EXTRACTED MATERIAL:

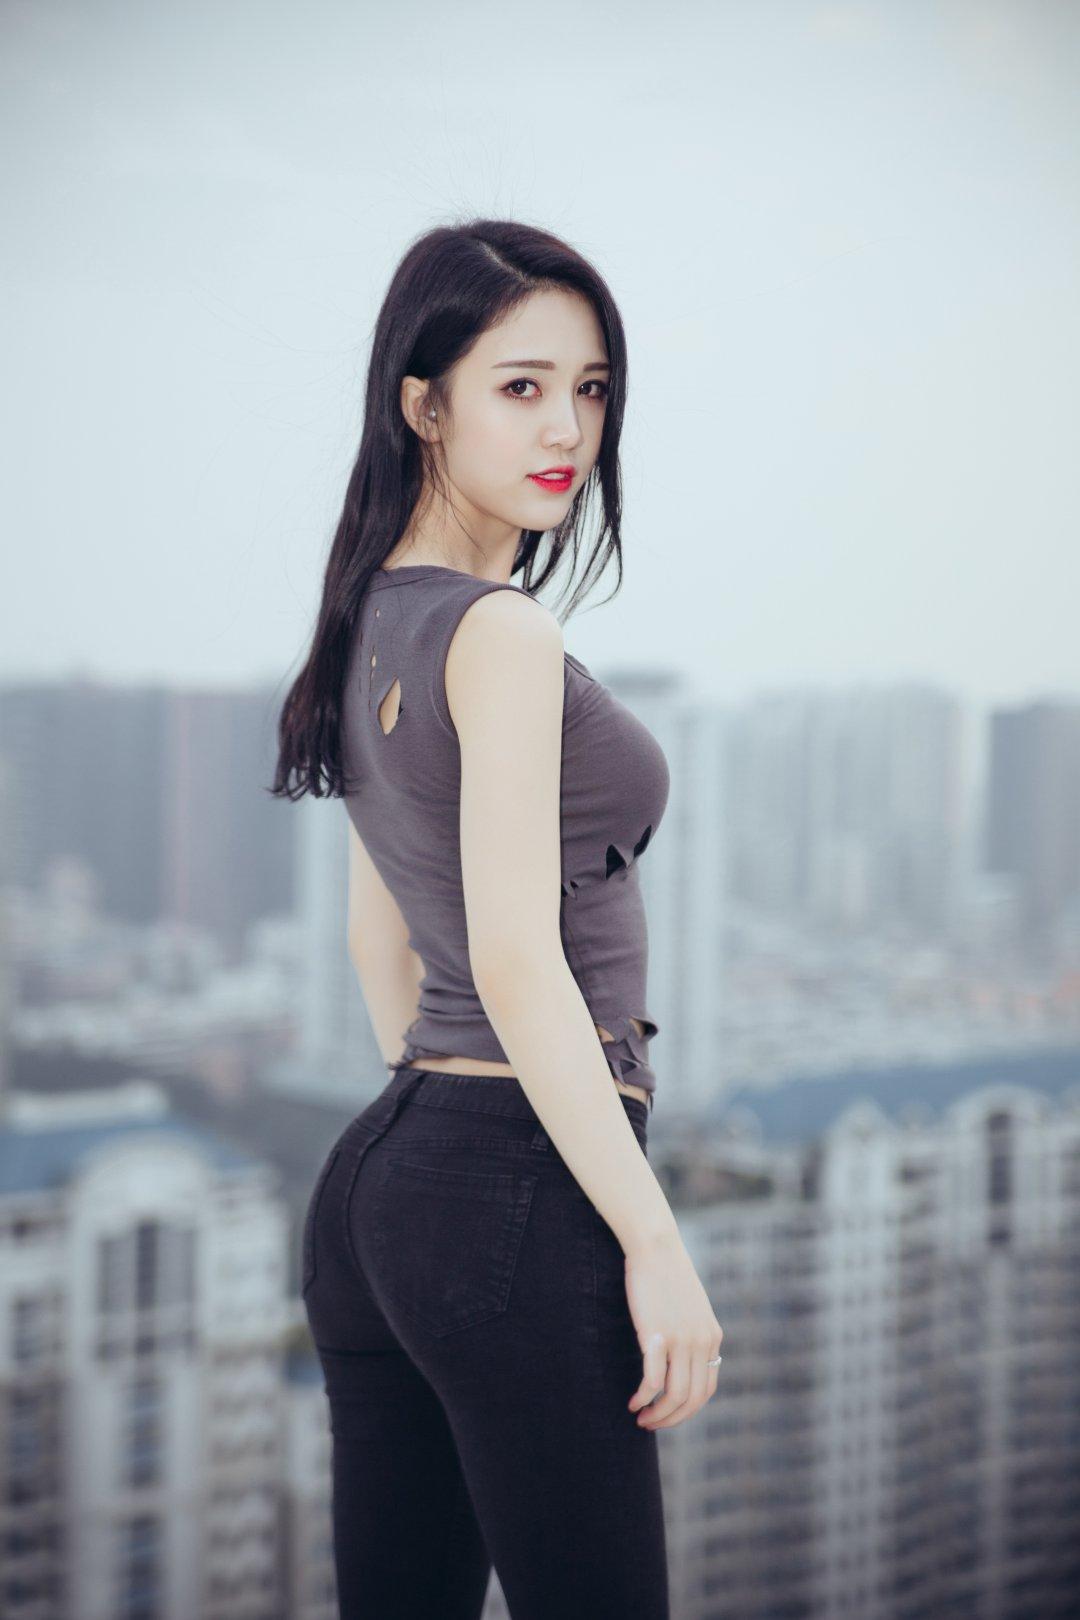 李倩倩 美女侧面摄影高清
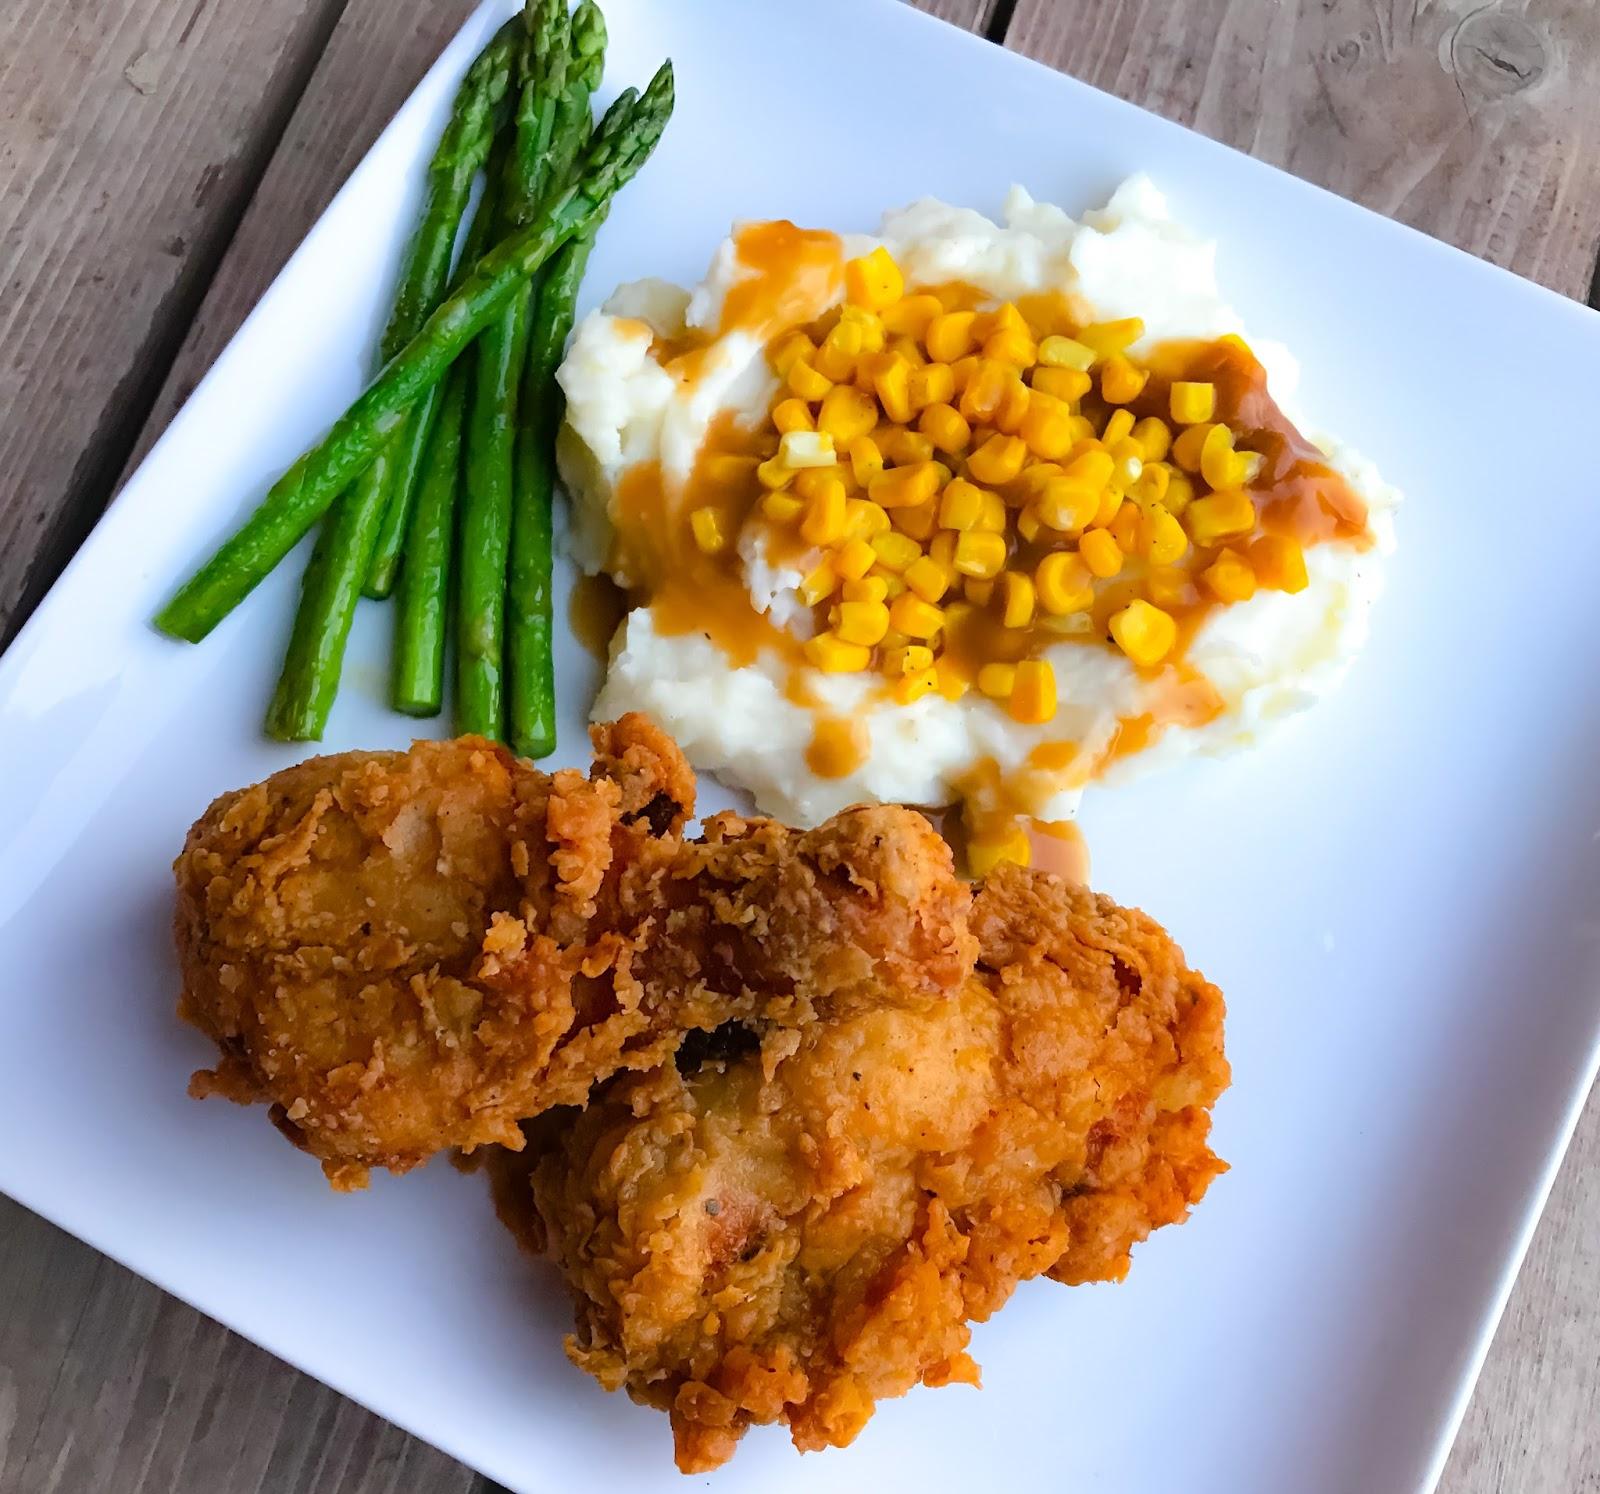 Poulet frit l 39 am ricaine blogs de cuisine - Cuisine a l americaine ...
--
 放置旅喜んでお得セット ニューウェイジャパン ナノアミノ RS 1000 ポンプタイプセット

BRIEF: What you need to produce is an exact copy of the entries above, limited to the lines from the one with "李倩倩 美女侧面摄影高清" up to and including the one with "Poulet frit l", without pictures.

RESULT OF THE TASK:
 李倩倩 美女侧面摄影高清
 Poulet frit l 39 am ricaine blogs de cuisine - Cuisine a l americaine ...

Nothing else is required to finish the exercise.